Permitting arbitrary text strings in bytevector literals may be
desirable (I don't really have an opinion) but if it's permitted, I'd
suggest limiting the characters set to printable ASCII which is hard to
mess up via charset conversion and text editing.

> (3) is dense and simple to process for machines, but is totally
> meaningless to humans.

Then again, hex is almost as meaningless unless you have ascended :)

> (1) is like a watered down form of (3), a little easier for humans to
> make some sense of (as a kid hacking around under MS-DOS, I quickly
> learnt to read some parts of x86 machine code in hex... the phrase "CD
> 21" is forever burned into my memory)

Yes. Hex is like decaffeinated base64.

> (4) is probably optimal from a human readability perspective, IF the
> encoder makes smart choices about what encodings to use where, but is
> the most complicated to implement.

The challenge is to keep the bit density of hex or base64 while also
permitting human-readable ASCII strings to be interspersed with them.
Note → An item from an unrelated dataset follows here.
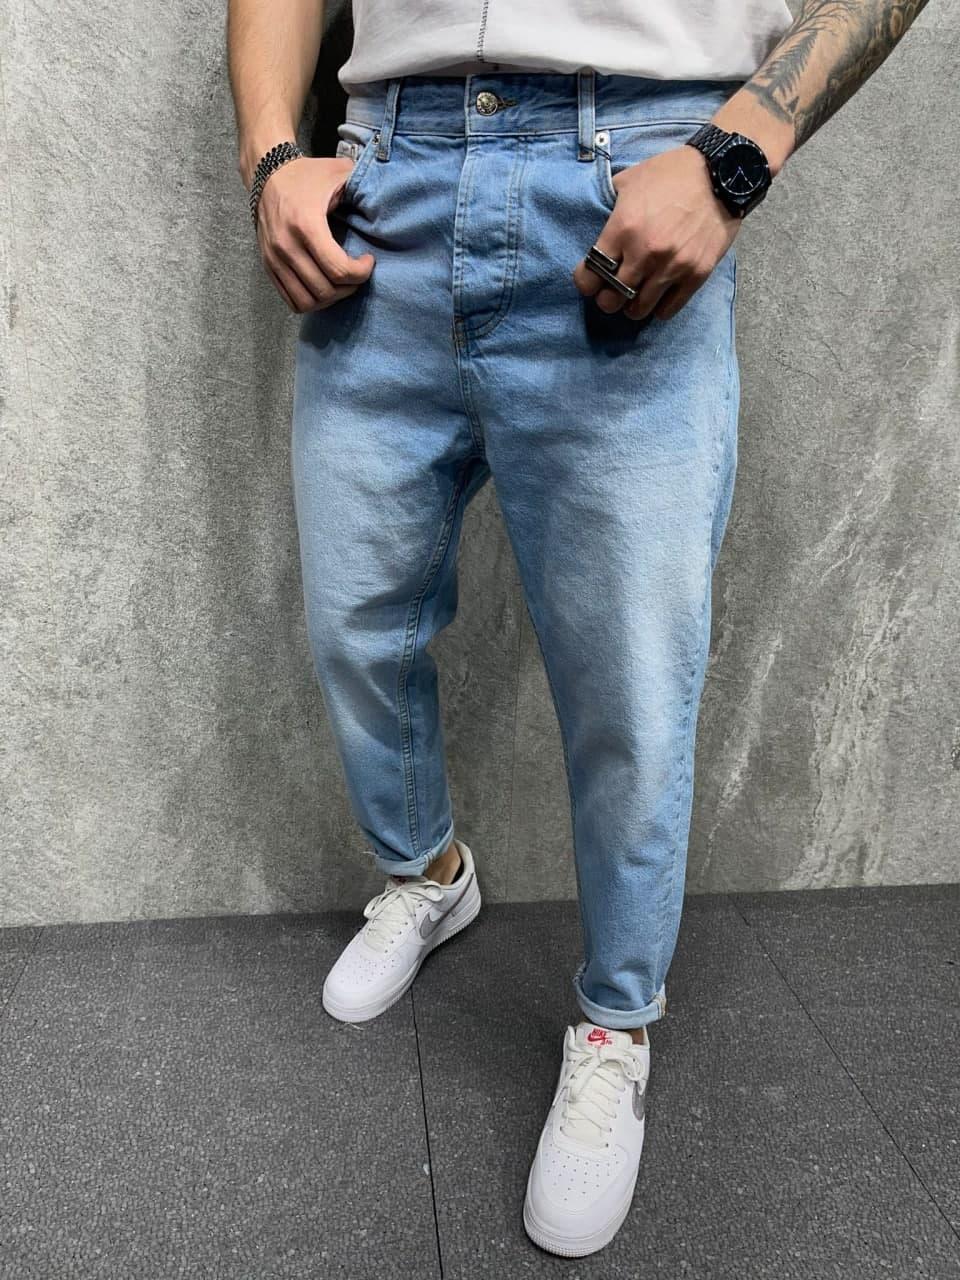 Чоловічі джинси завужені донизу (блакитні) стильні на літо s6296

The obvious one doesn't work: #u8("hello" "0d0a" "world")

We could invent a prefix for hex strings, but that's a bit dodgy:

#u8("hello" #"0d0a" "world")
#u8("hello" #u8"0d0a" "world")

Or just give up with bit density and go back to Scheme hex numbers:

#u8("hello" #x0d #x0a "world")

The thing is that readability and parsing speed also suffer. The lost
bit density is a lesser problem than those IMHO.